The 10 defining threshold condition is the permissible number of accumulations of gx signals, in this case the number of unserved requests. Memory device 2 contains nodes the same as

15 and a storage unit 34, a sample control unit 35, a configuration register 36, and a interface unit 37 with: processors. In addition, a multiprocessing computing system

20 (Fig. 0) contains a privileged mode bus 38, a processor information bus 39, an information device. Pin 40 of the memory device, a processor fault bus 41, and a faulty processor shutdown bus 42. Processor interface block 37 (FIG. 2) contains a register 3 position number of memory device 2, register 44 logical number

30 memory devices, first and second priority switches 45 and 46, unit 47 system operations, circuits 48 and 49 comparisons, groups 50 and 51 of elements And, and a group of 52 elements

35 NOT. Each processor interface has a register 5 of the position number of the processor, which is set constant for the given computing system. All processors have different positional numbers. The configuration of the multiprocessor computing system is determined by the contents of the register 4 of the processor and register 36 of the configuration of the memory device. If all bits of these registers are set to position 1, then the system forms a single complex, which includes all processors

50 3 and all 2 memory devices.

System communication between processors and memory devices for exchange. The information is as follows.

55 The processor 3 excites, on information buses 39, the address of the memory cell being accessed and the information that is needed.

Dimo write to the specified address in the case of a write operation, as well as the position number from the register 5 of the position number of the processor. At the same time, there is no signal on bus 38 of the privileged mode. The processor interface 37 with the processor, depending on how many processors the memory device 2 is accessing, switches to its output either the information of one processor or the information on the position priority number of the processor.

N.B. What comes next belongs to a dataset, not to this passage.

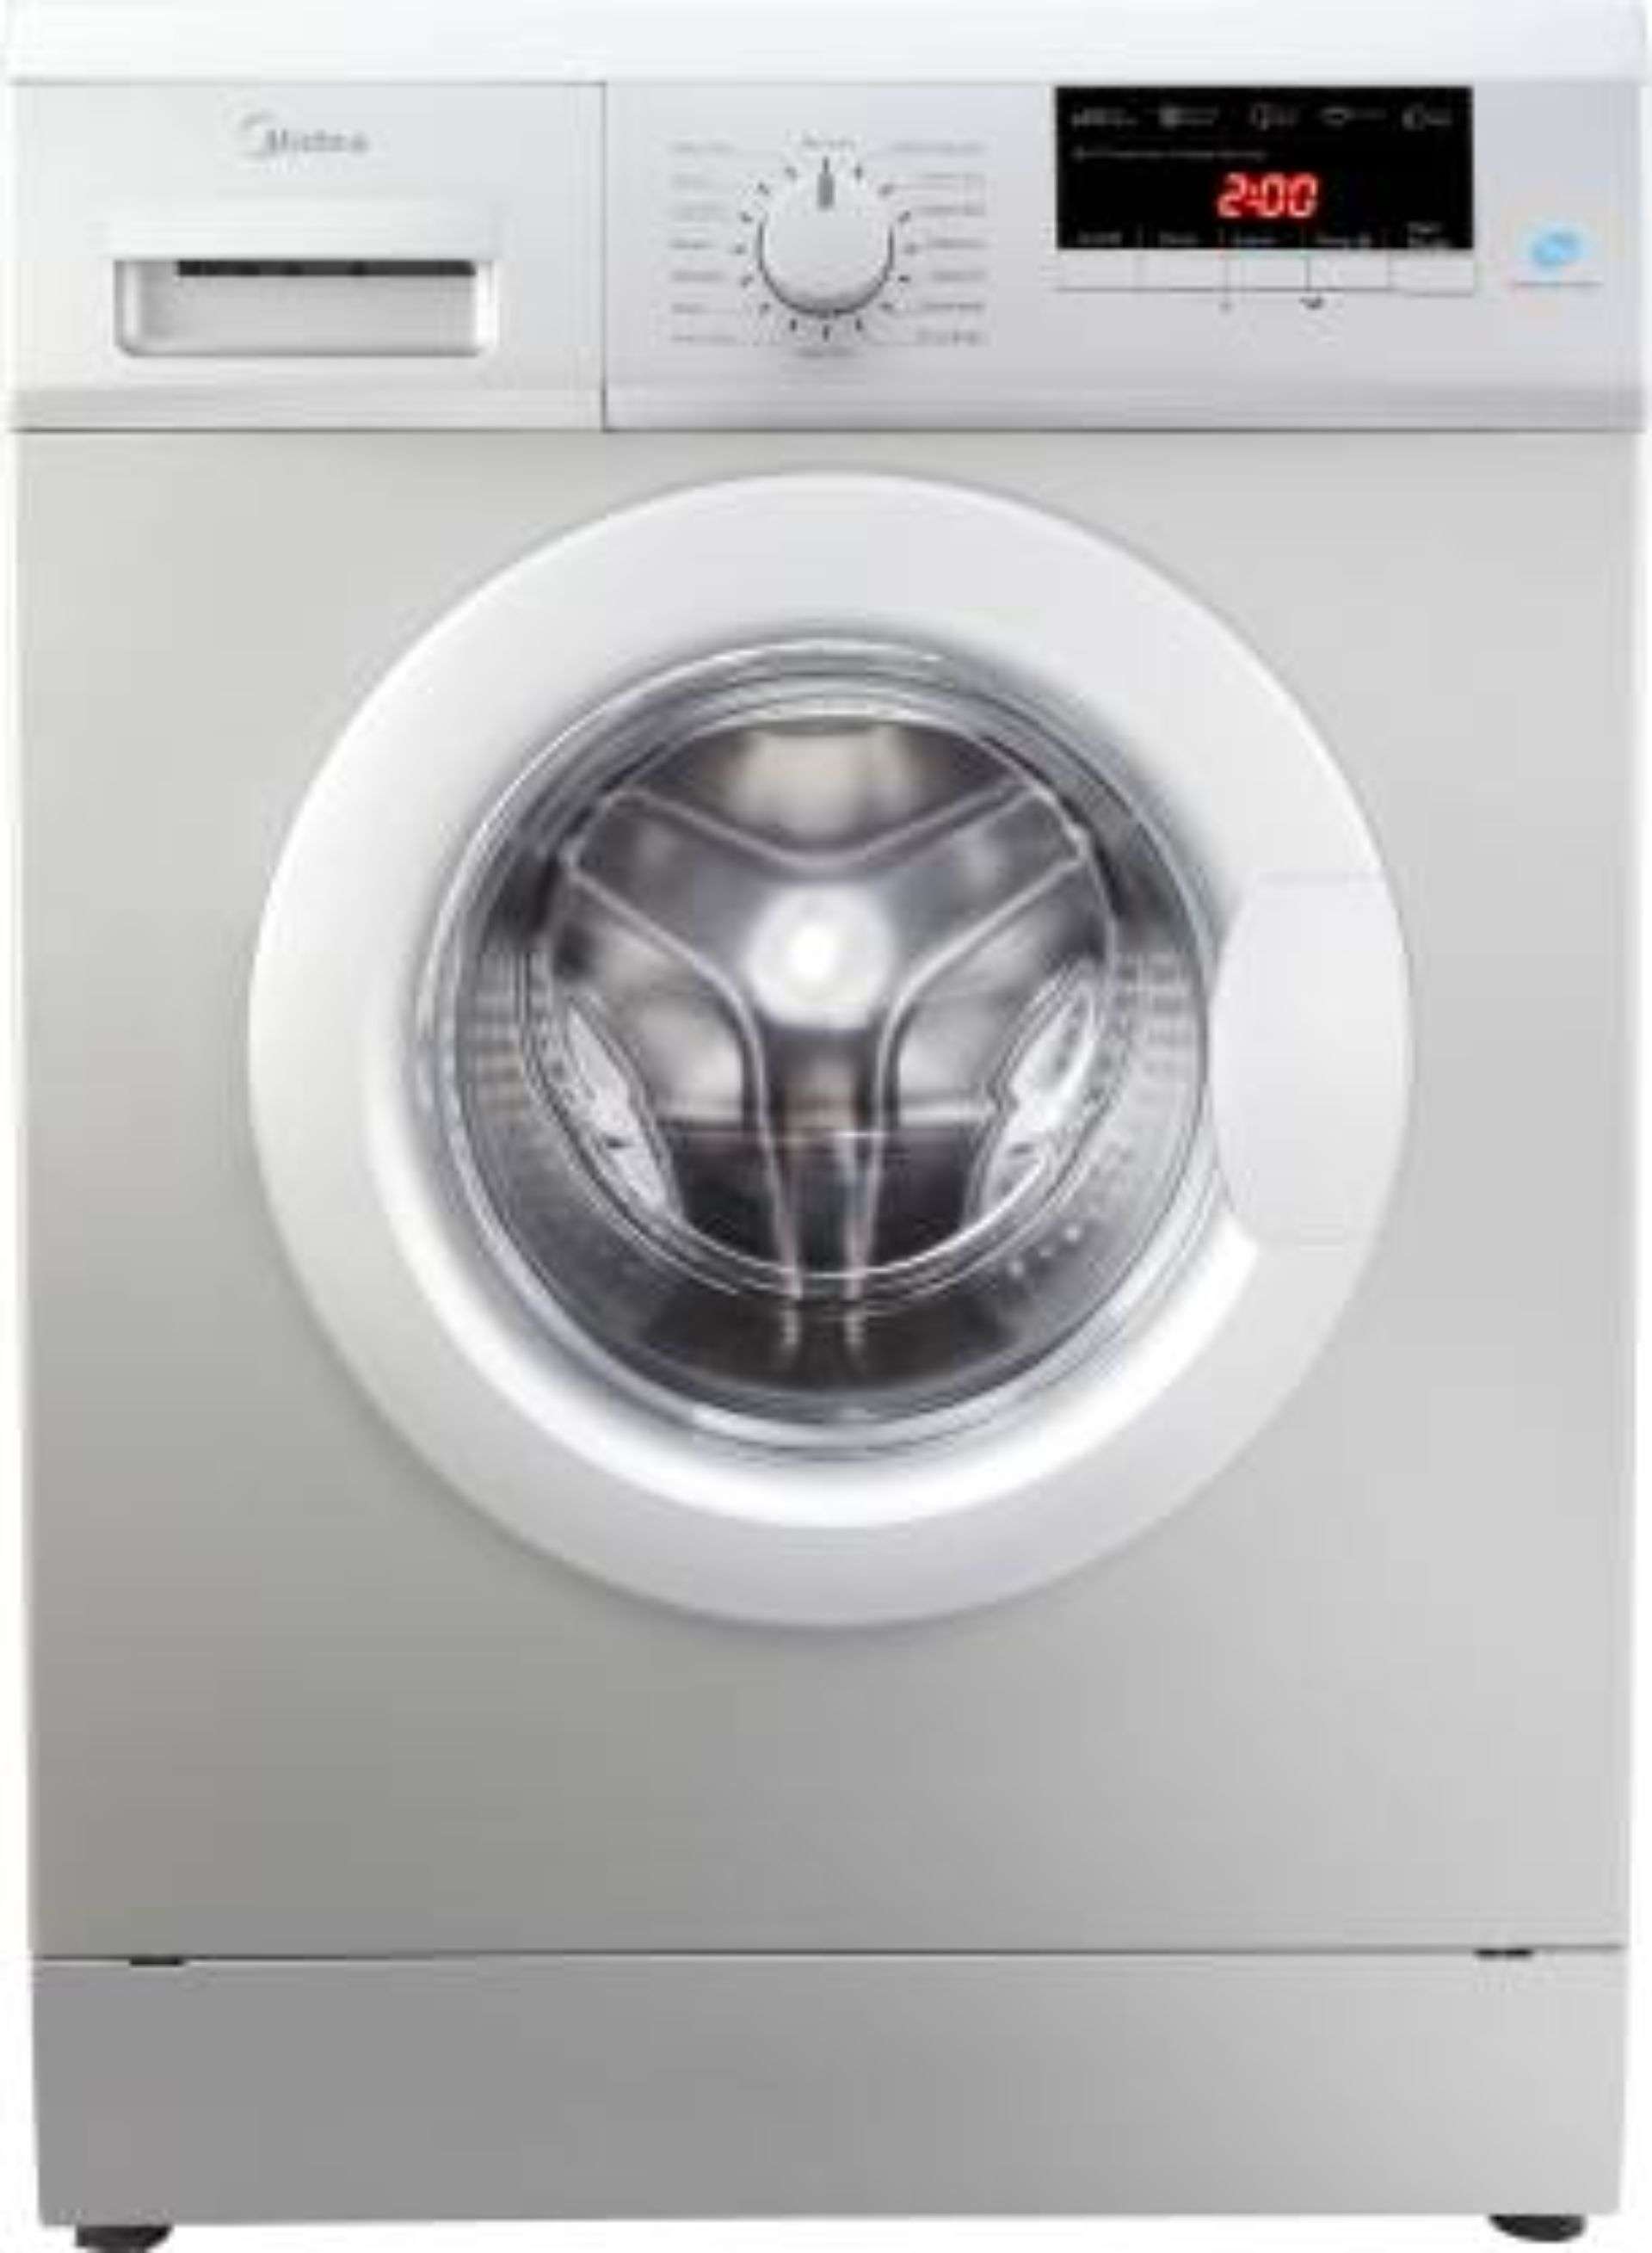  Buy Washing machine online

The sampling control unit 35 calls the memory unit 34 at the received address and switches the position number of the processor from the output of the processor interface 37 to the information bus 40 of the memory device. The signals from the information buses 40 of the memory device pass through a group of 11 elements AND of the processor interface 1 and arrive at the inputs of the comparison circuits 12, where they are compared with the contents of the register 5 of the position number of the processor. Coincidence of numbers means 4to device 2 of memory received a request for access from this processor and proceeded to perform the operation specified by the processor. In this case, in the case of a write operation, the comparison circuit 12, via the OR element 13, outputs a signal to the processor 3, which fixes the end of the communication session of the processor with the memory device 2. During the read operation, the memory device 2 drives on the information buses 40 of the memory device 2, in addition to the position number of the processor, also read information from the indicated cell of the storage unit 34. The comparison circuit, via the OR 13 element, commutes information from the information bus 40 of the memory device 2 to the processor 3 which, according to one of the information fields 39, signals to the memory device 2 the end of the communication signal.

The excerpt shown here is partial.